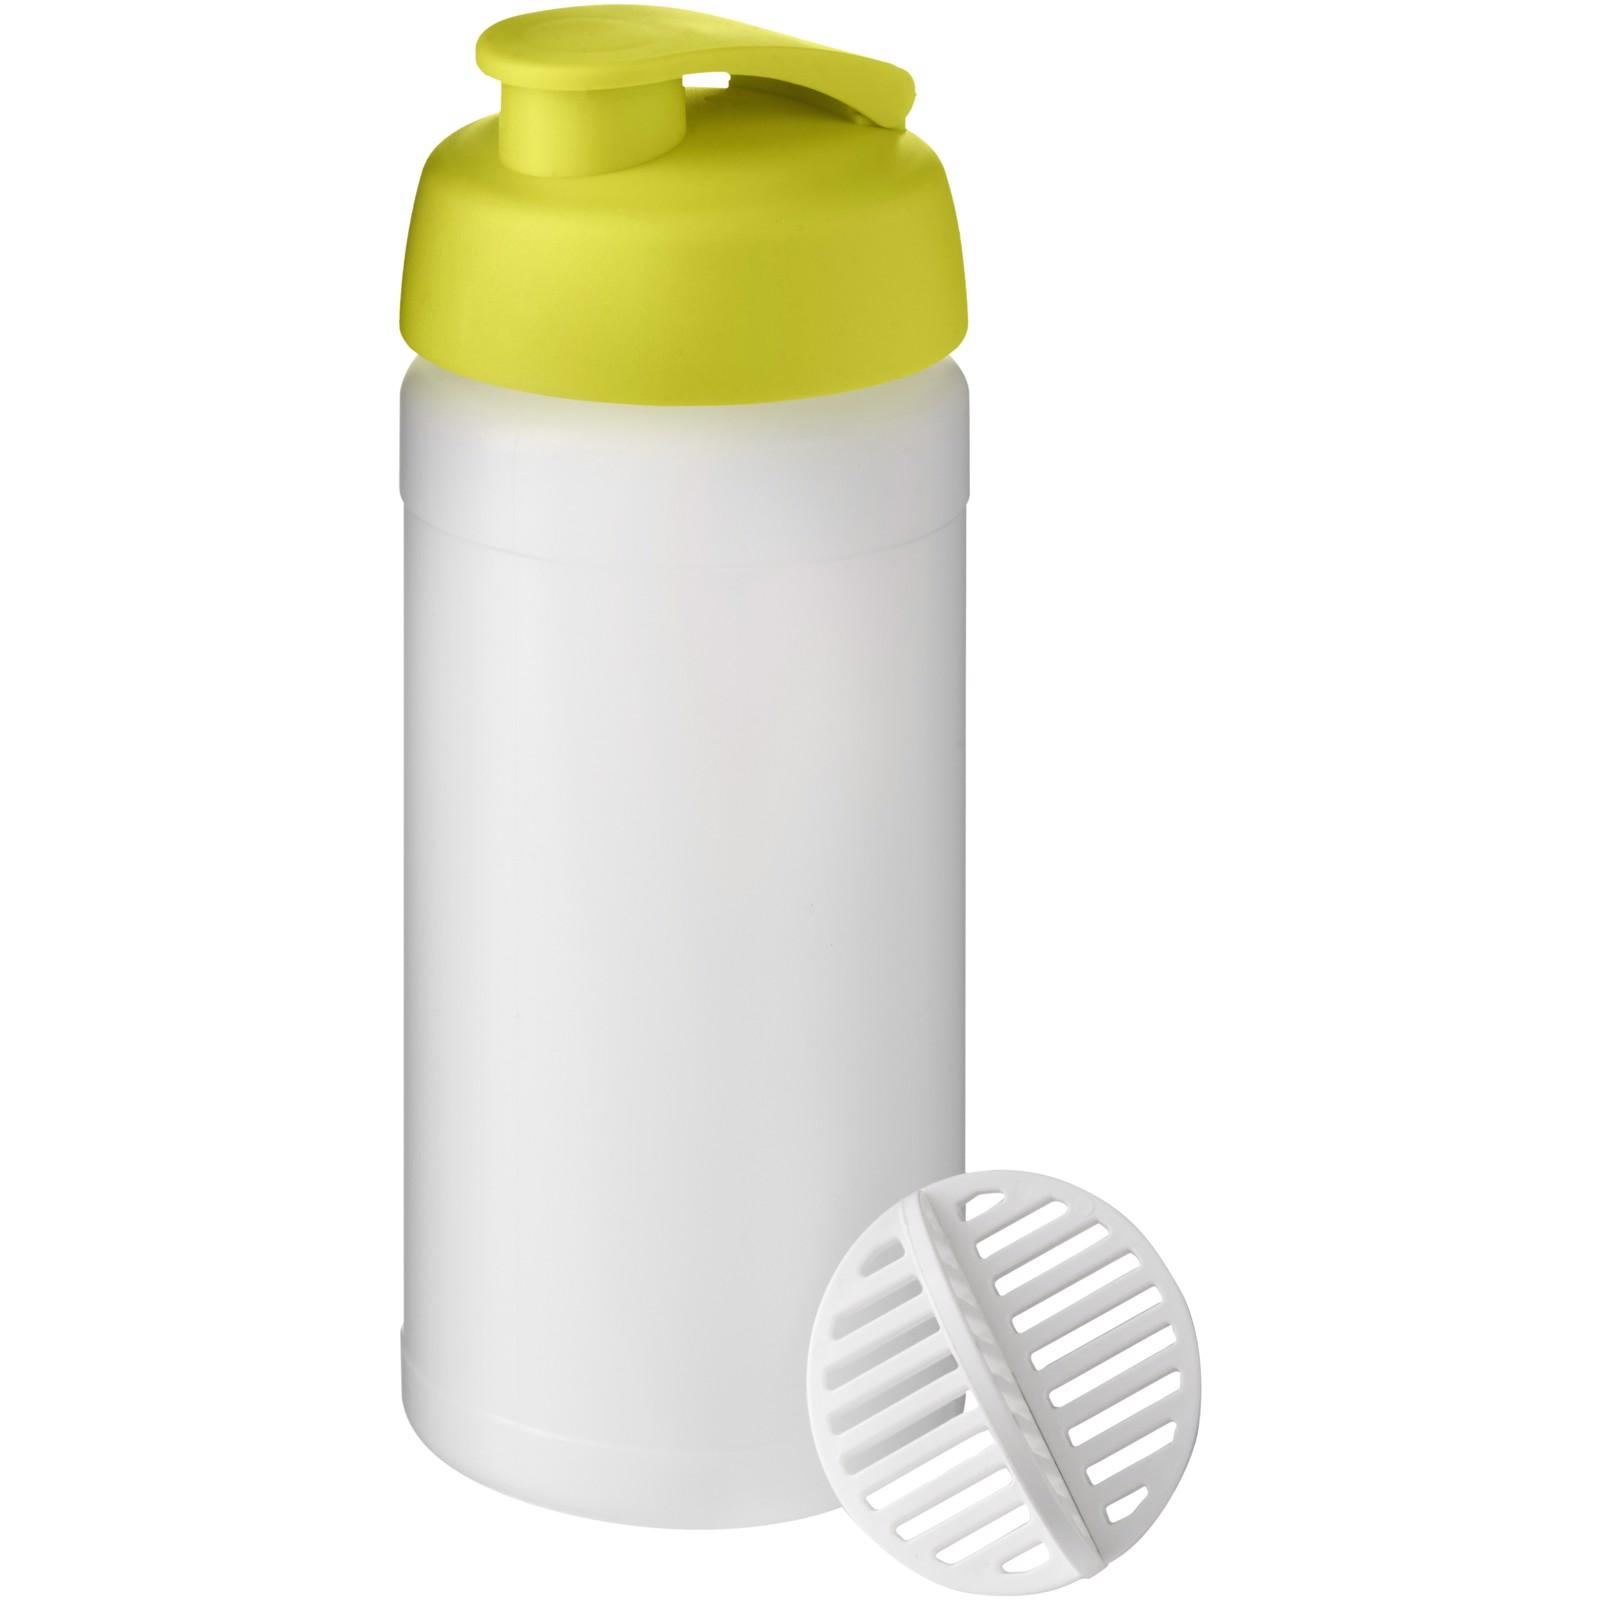 Baseline Plus 500 ml shaker bottle - Lime / Frosted clear
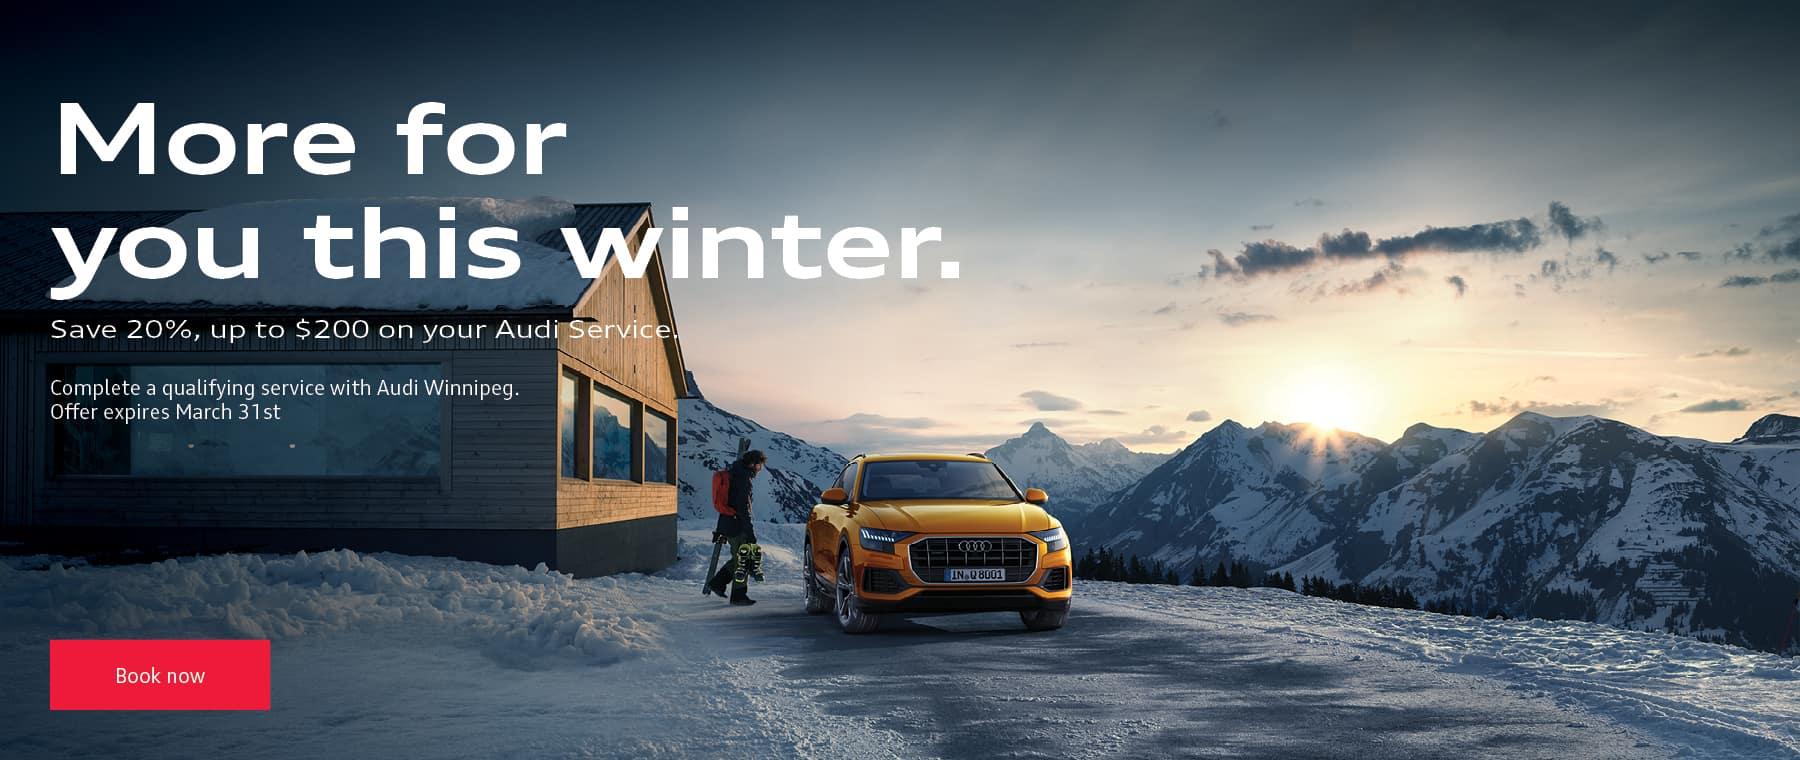 Audi-Wpg-Winter-Service-Offer – Web-Banner
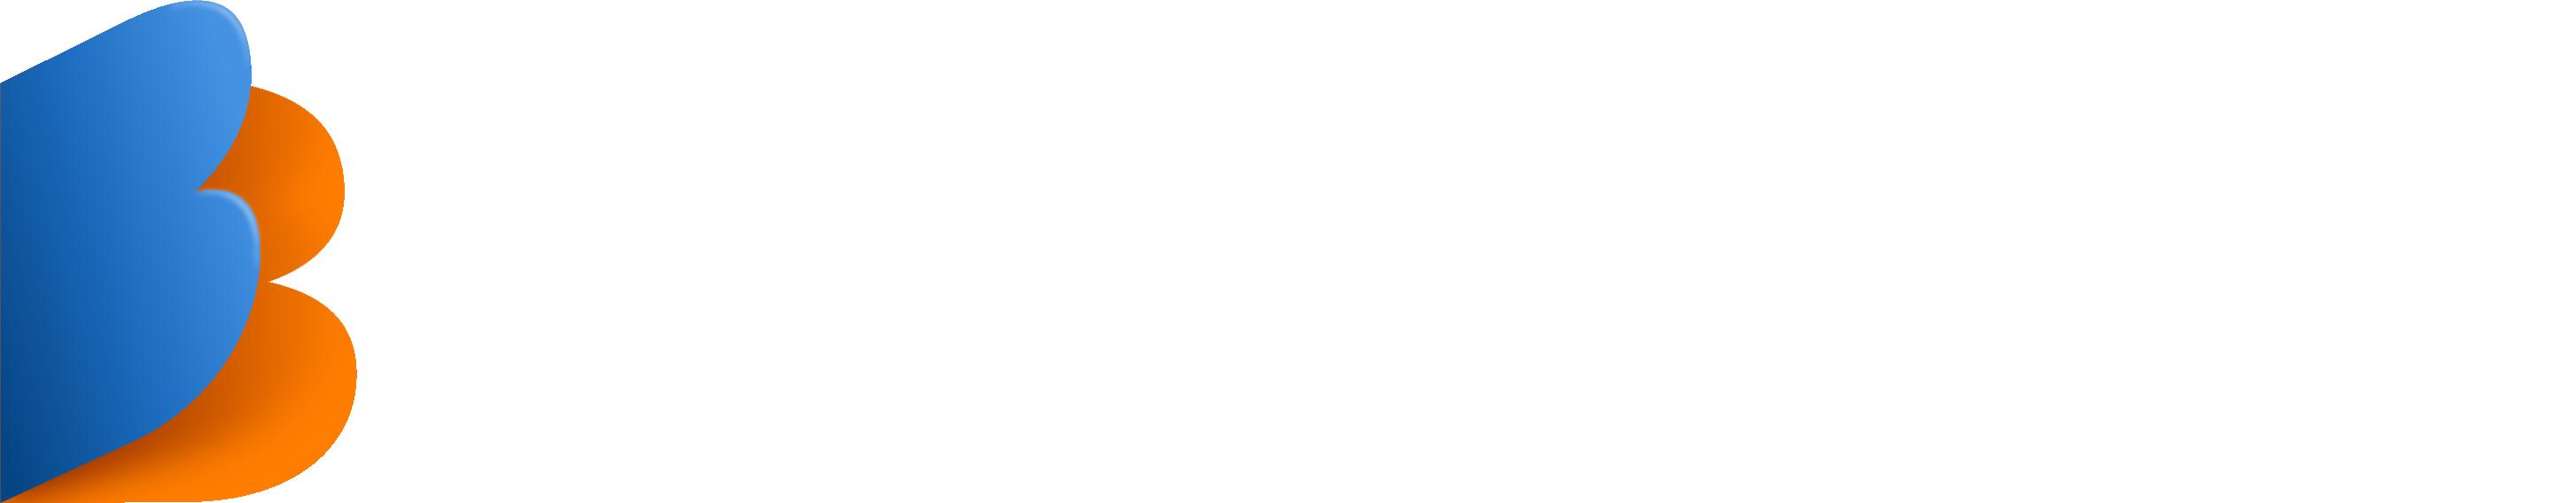 Bibliography.com
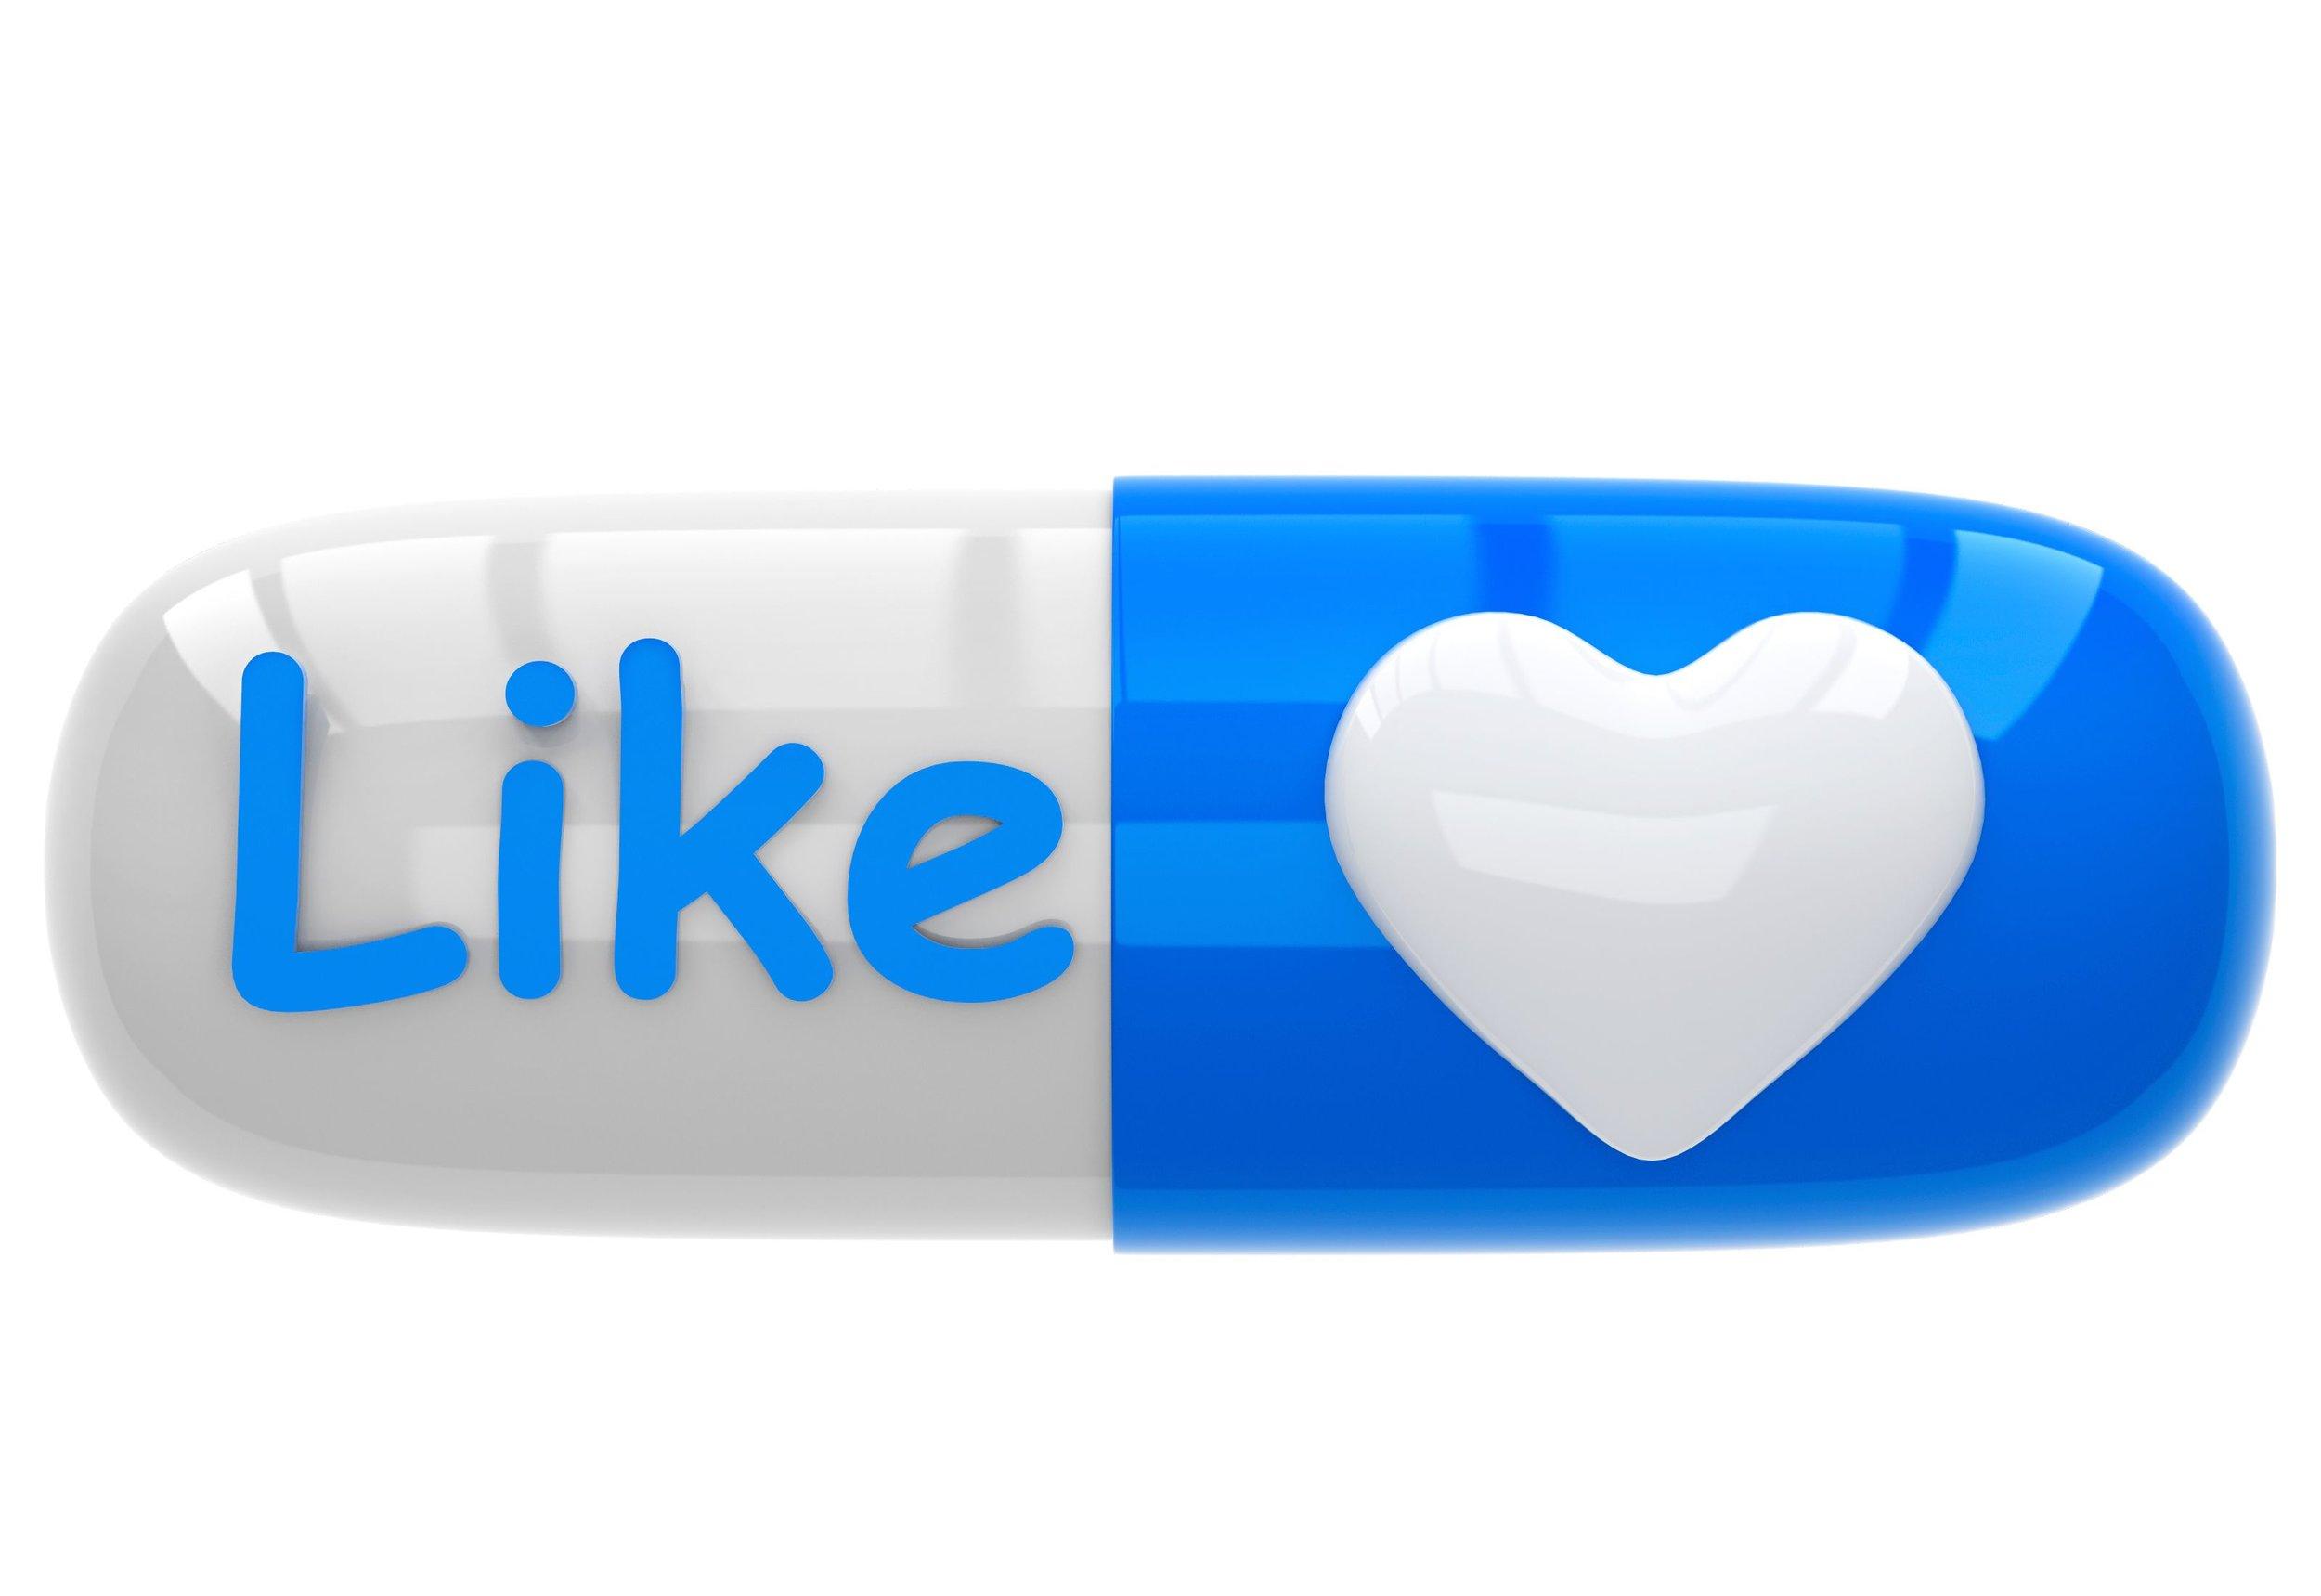 Inscription like and heart on pill capsule HealthCare Medicine Social Media.jpeg

Brief |
Retype the whole listing exactly and leave the pictures out.

Final answer |
 Baseline Plus 500 ml shaker bottle - Lime / Frosted clear
 Audi-Wpg-Winter-Service-Offer – Web-Banner
 Bibliography.com
 Inscription like and heart on pill capsule HealthCare Medicine Social Media.jpeg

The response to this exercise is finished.